→ What you will do: This exercise calls for an exact copy of the listing, with no pictures kept.

(Data section Opens)

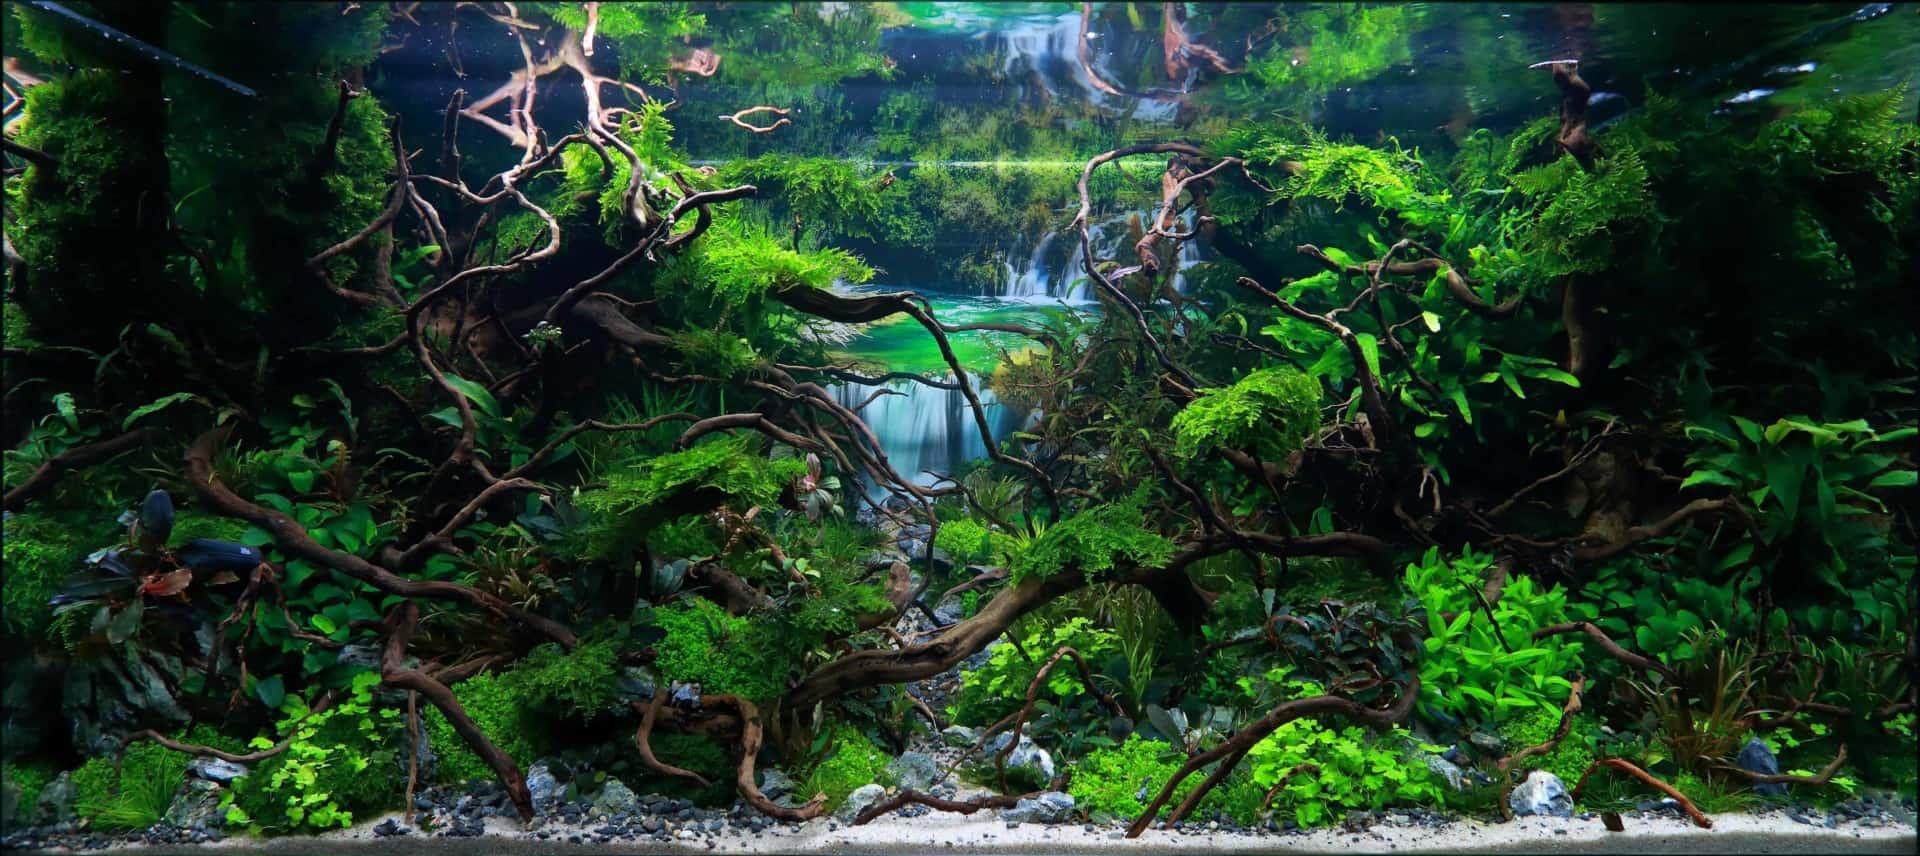 191 - The Art of the Planted Aquarium - Neuheiten und Möglichkeiten zum Mitmachen im April 2019 (Stefanie Hesse) 4
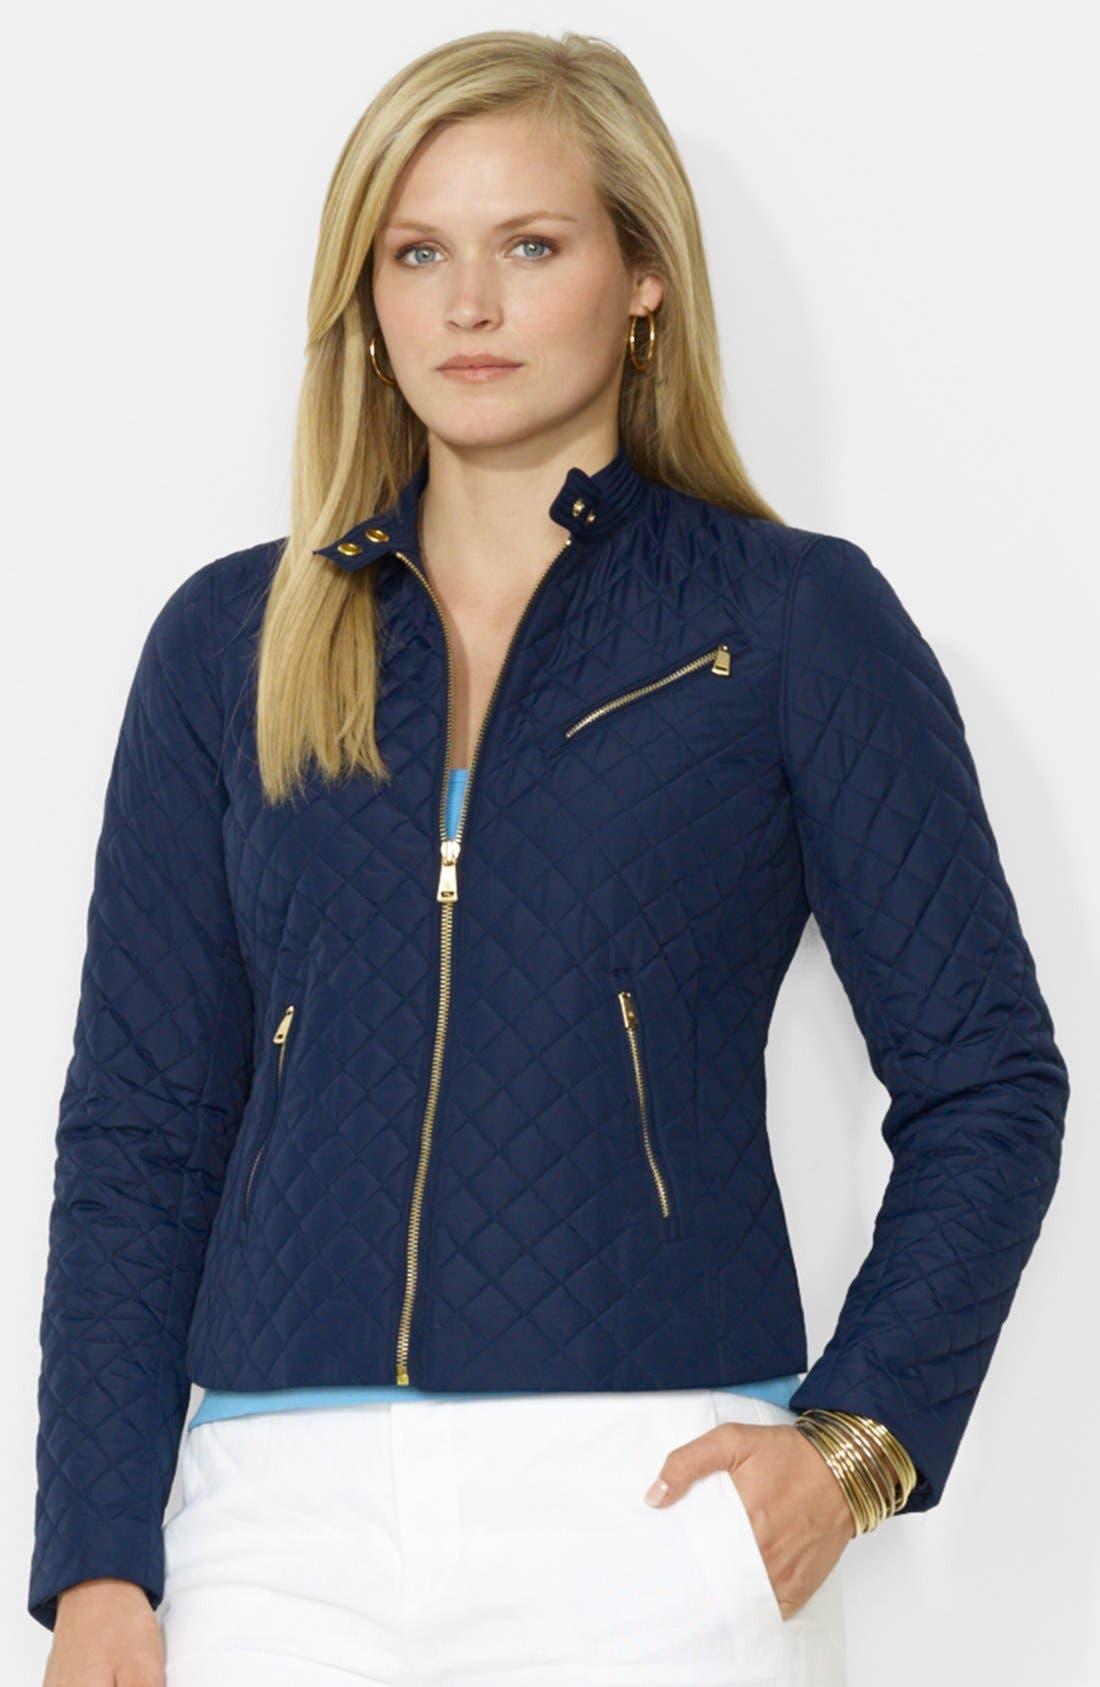 Alternate Image 1 Selected - Lauren Ralph Lauren Quilted Zip Front Hip Length Jacket (Plus Size)
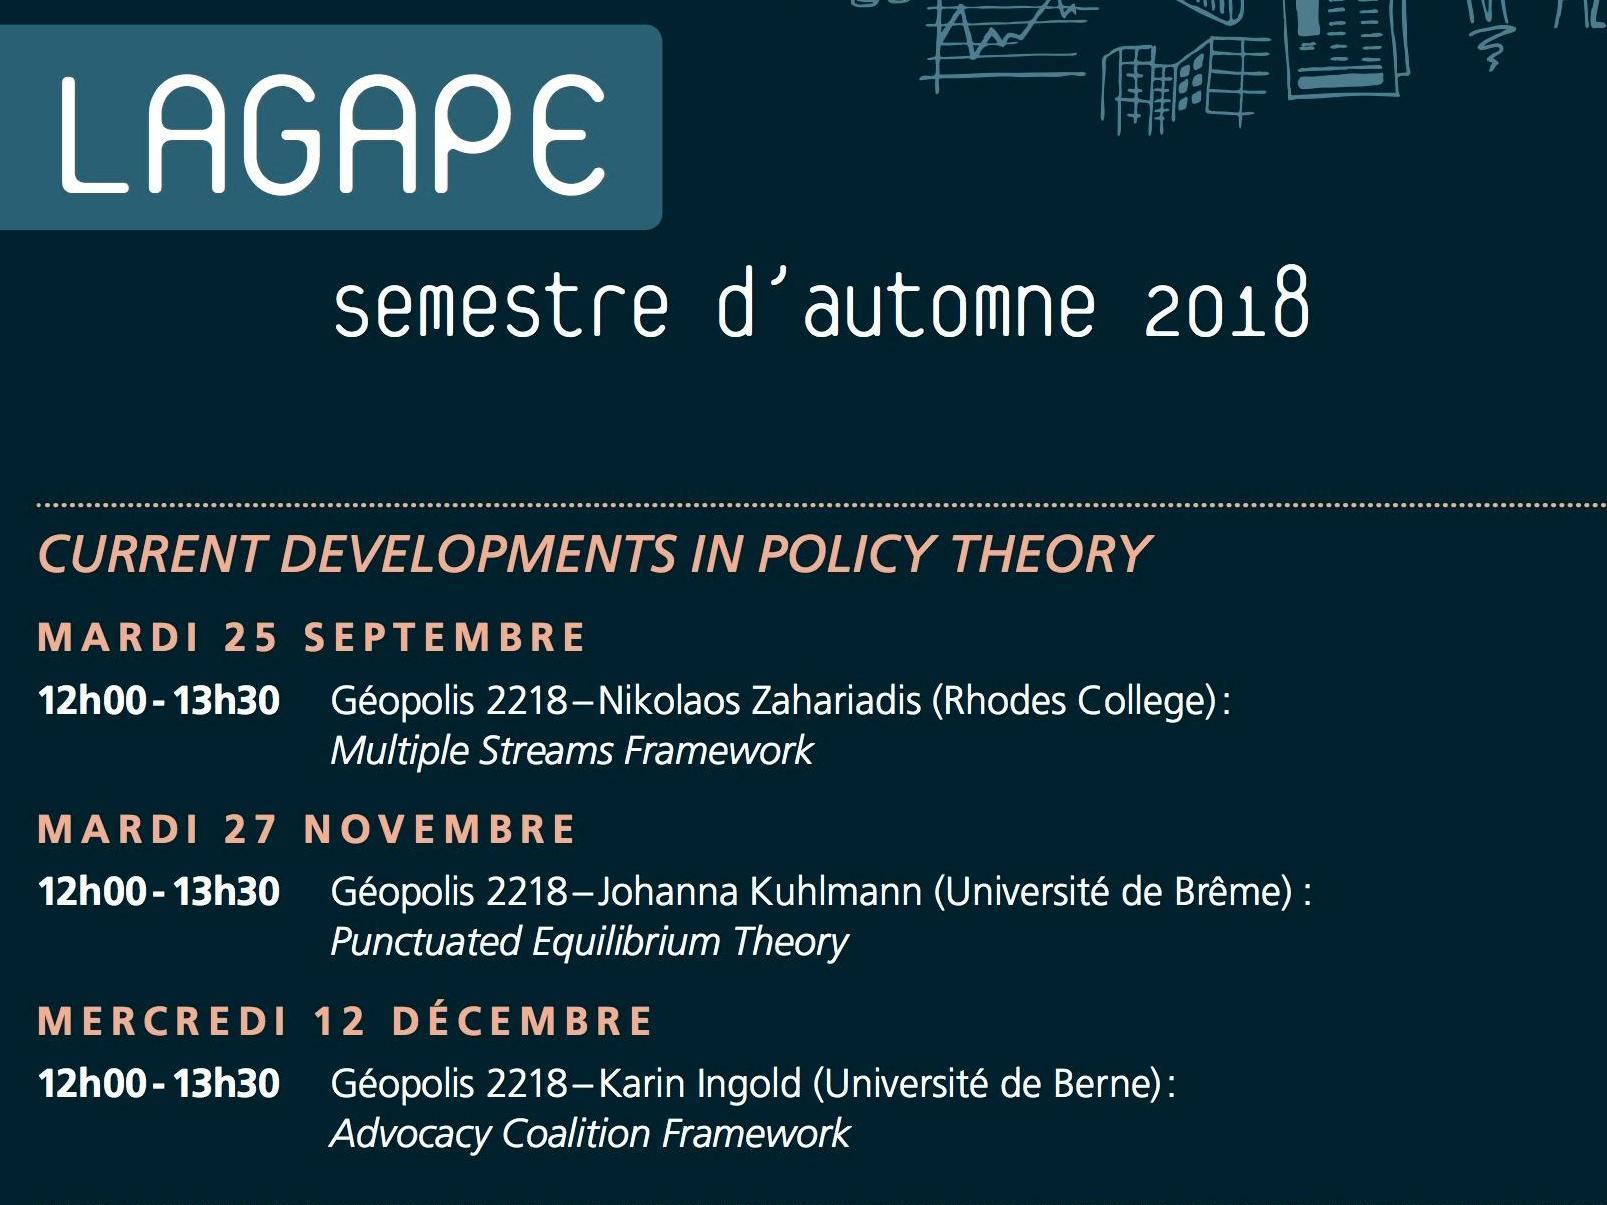 Programme du LAGAPE pour le semestre d'automne 2018
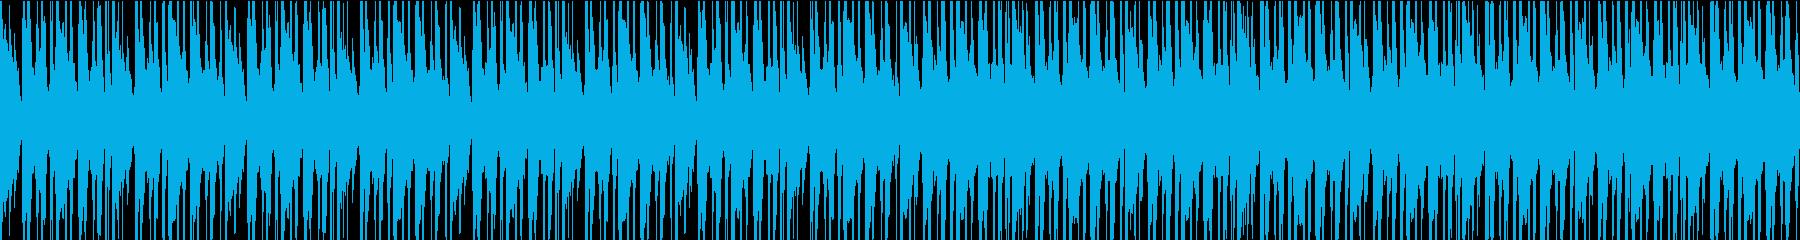 エキゾチックで勢いのある民族音楽風BGMの再生済みの波形

(Data section Closes)

→ Task result:
 191 - The Art of the Planted Aquarium - Neuheiten und Möglichkeiten zum Mitmachen im April 2019 (Stefanie Hesse) 4
 Alternate Image 1 Selected - Lauren Ralph Lauren Quilted Zip Front Hip Length Jacket (Plus Size)
 Programme du LAGAPE pour le semestre d'automne 2018
 エキゾチックで勢いのある民族音楽風BGMの再生済みの波形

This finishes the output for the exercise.